A Worker Reputation System (Useful for for Requesters)
Better reputation profile for workers. Why? A market without a reputation mechanism turns quickly into a market for lemons: When requesters cannot differentiate easily good from bad workers, they tend to assume that every worker is bad. This results in good workers getting paid the same amount as the bad ones. With so low wages, good workers leave the market. At the end, the only Turkers that remain in the market are the bad ones (or the crazy good ones willing to work for the same payment as the bad workers.)
A better mechanism is required that helps the requesters in judging the reputation of the workers. If an employer cannot differentiate between the good and the bad turekers, then he/she will end up paying the same amount both the kinds. Hence, even the good ones are poorly paid. Eventually, these good workers leave the market.
A Requester Trustworthiness Guarantee (Useful for Workers)
Requesters are bing treated as “slave masters”. They can reject work and yet use it. Even if they accept it, they need not make the payment in time.
Newcomers post big batches of HITs. Legitimate workers will do a little bit of work and then wait and see. Nobody wants to risk a mass rejection, which can be lethal for the reputation of the worker. Given the above, who are the workers who will be willing to work on HITs of the new, unproven requester?

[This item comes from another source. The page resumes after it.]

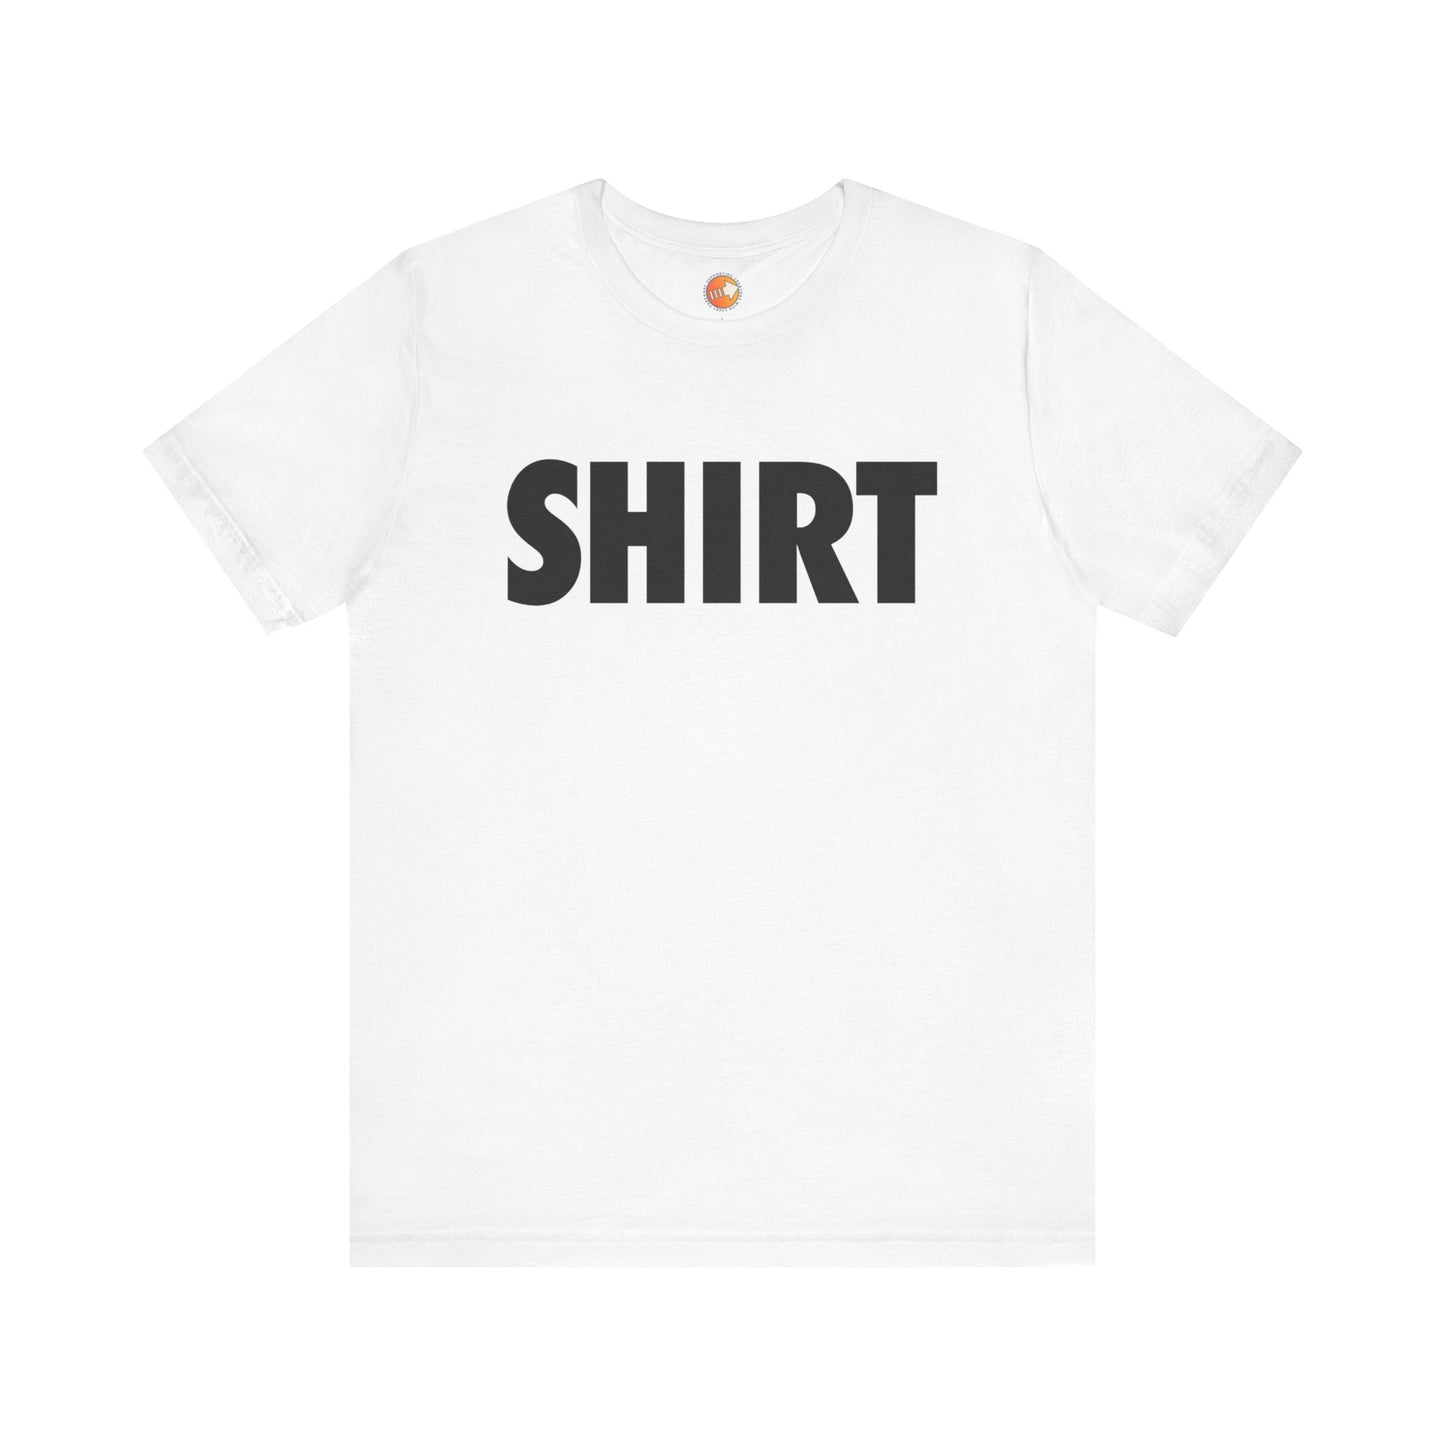 SHIRT Shirt (black text) - Unisex Jersey Short Sleeve Tee - The Gamers

You guessed right: Spammers and inexperienced workers. Result? The requester gets low quality results, gets disappointed and wonders what went wrong. This should not happen. Workers should not be afraid.
Requesters new to the market may post big batched of HITs. Legitimate workers will do a fraction of the work and the notice the requester. This is because he does not want a massive rejection of work which could be fatal for his reputation. So, the inexperienced workers do the work and thus, requesters get a poor quality of work. This should not happen. Workers should not have this kind of fear of rejection.
A Better Task Search Interface (Useful for Workers)
It is not possible for a requester to browse through the available tasks that might interest him or search for a requester he/she might want to work with. So, the completion times of the tasks follow a power law making it effectively impossible to predict the completion time of the posted tasks.
1. MTurk Forum
Observation: This is a centralized thread for new turkers. Most of the questions asked by them have easy solutions or relate to the use of the platform. For example,
1) One of them asked about the full form of TO whose asnwer was Turkopticon.
2) A worker couldn't understand how to update the pending amount. The answer was pretty simple. He just had to click on it.
2. Reddit Forum
Observation 1: Workers are not happy about the rejection/approval system.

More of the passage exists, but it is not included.